2. Discussion of Related Art

A recirculation cooling system for a switchgear cabinet of this type is known from German Patent Reference DE 44 13 130 A. All components of this known recirculation cooling system are housed in a receiver housing, which is divided into a lower and an upper partial area by a horizontal separating wall. Here, the lower partial area of the receiver housing is placed on the switchgear cabinet, wherein the components housed in this partial area, in particular the heat exchanger, are in heat-conducting contact with the interior of the switchgear cabinet.

This connection between a switchgear cabinet and a recirculation cooling system makes access to the components of the recirculation cooling system and their maintenance considerably more difficult.

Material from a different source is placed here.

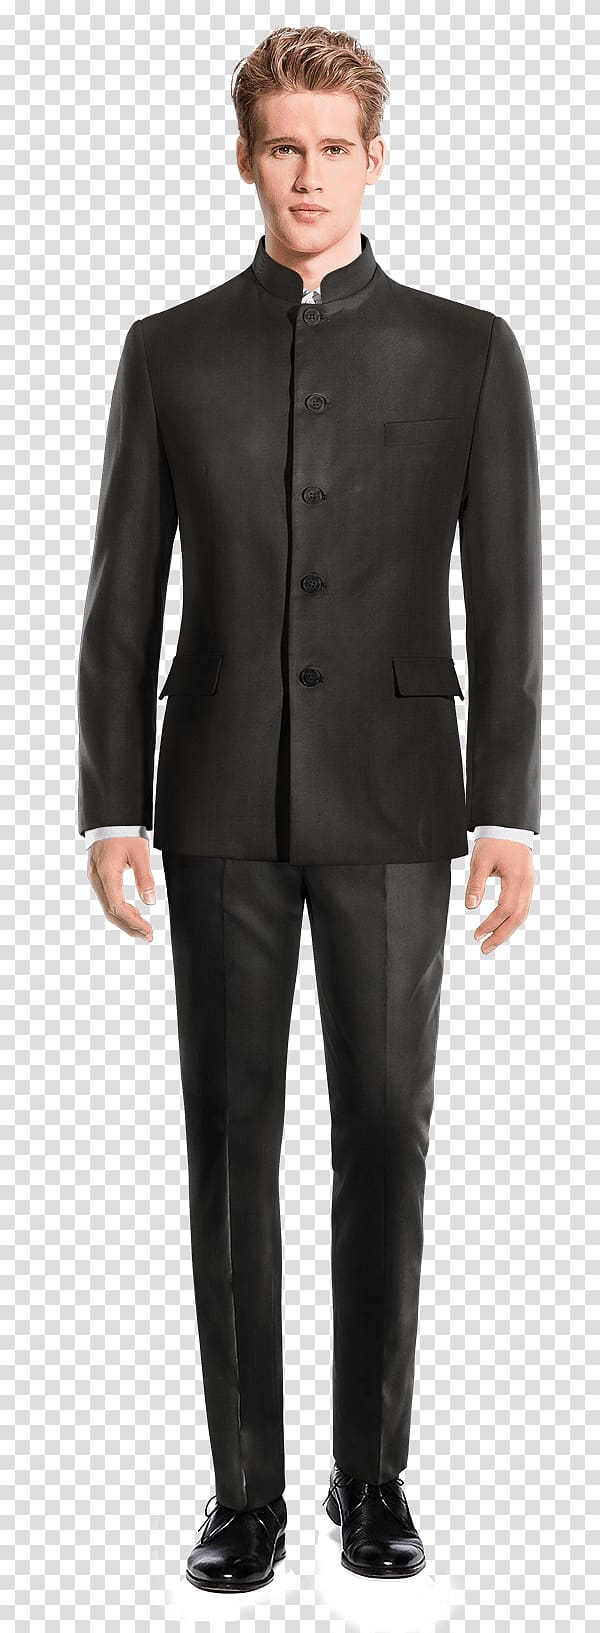 Tweed Mao suit Tuxedo Pants, black suit transparent background PNG clipart

As German Patent Reference DE 199 21 554 A1 shows, a cooling device is also already known which is divided into two partial areas by a vertical separation wall. The partial areas are occupied by the components of the cooling device and are in air-conducting contact with the interior of the switchgear cabinet and with the surroundings of the switchgear cabinet. No details of the housing structure are disclosed by the publication. In this cooling device the compressor occupies a space which extends over both partial areas of the cooling device.

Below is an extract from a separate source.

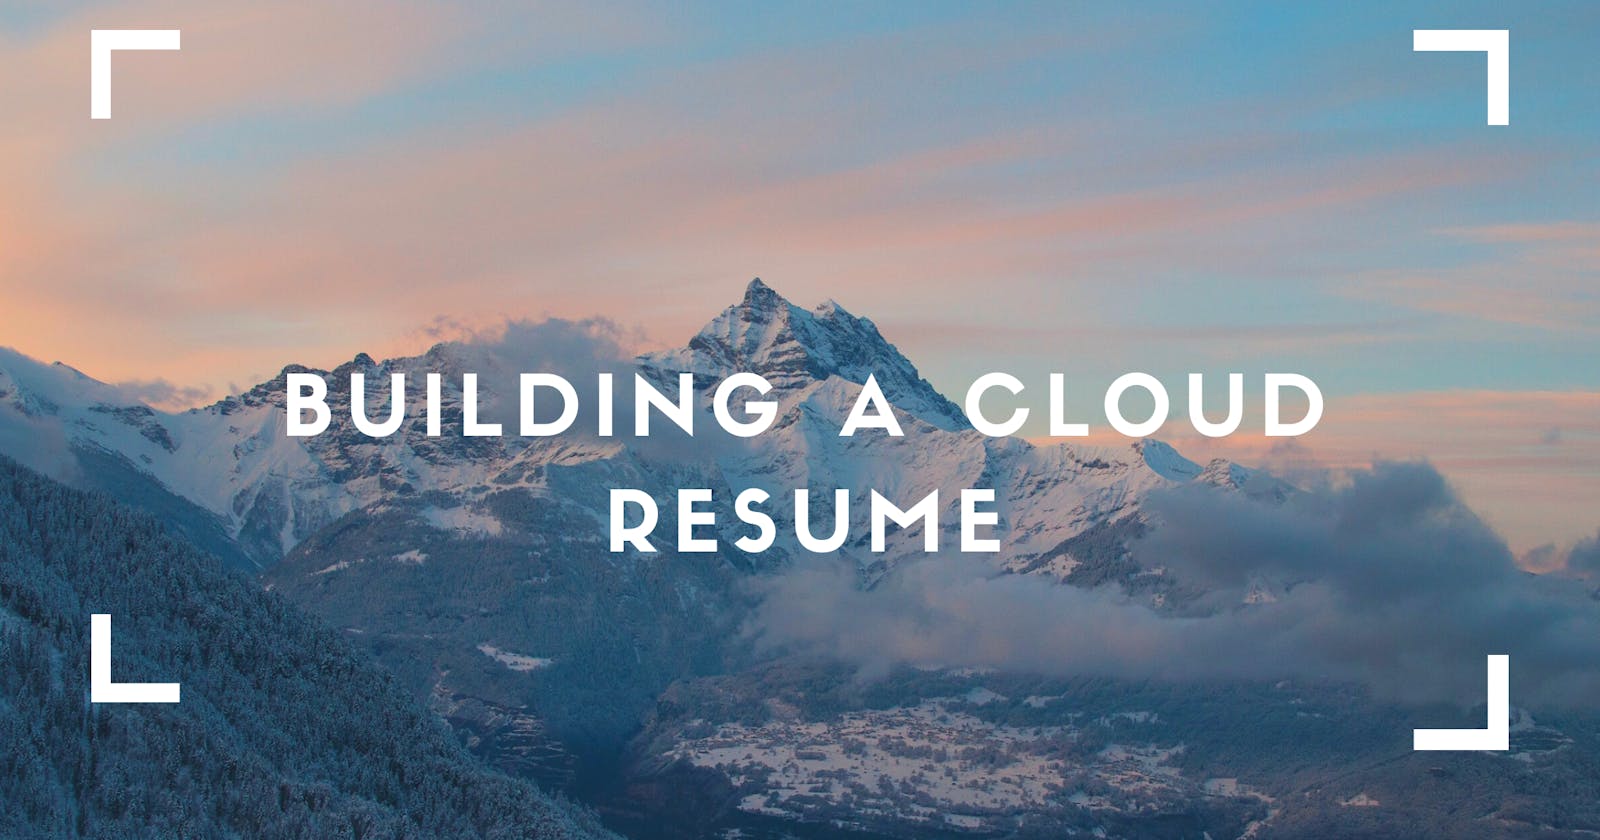 Cloud Resume Challenge

In connection with a cooling device with a compressor it is known to place it into a housing in such a way that it is accessible from the front, as shown in U.S. Pat. No. 5,839,295.

SUMMARY OF THE INVENTION

It is one object of this invention to provide a recirculation cooling system for a switchgear cabinet of the type mentioned at the outset, which can be installed with a low structural depth on a vertical side of the switchgear cabinet, wherein all components are easily accessible for maintenance.

In accordance with this invention, this object is accomplished with a receiver housing attached with an open back to a vertical side of the switchgear cabinet or machine housing. The interior of the receiver housing is divided into a front and a rear partial area by a separating wall, wherein the open back is connected with the switchgear cabinet of the machine housing and the rear partial area receives the evaporator, the pump and the tank. The front partial area receives the liquefier and the fan and is connected with the surroundings via openings in the front wall, wherein the openings have covers and/or guide elements which are assigned to the fan and the liquefier and guide the supplied airflow into different directions, and the compressor of the refrigeration circuit is housed in a reception area which bridges both partial areas and is accessible through the front of the receiver housing.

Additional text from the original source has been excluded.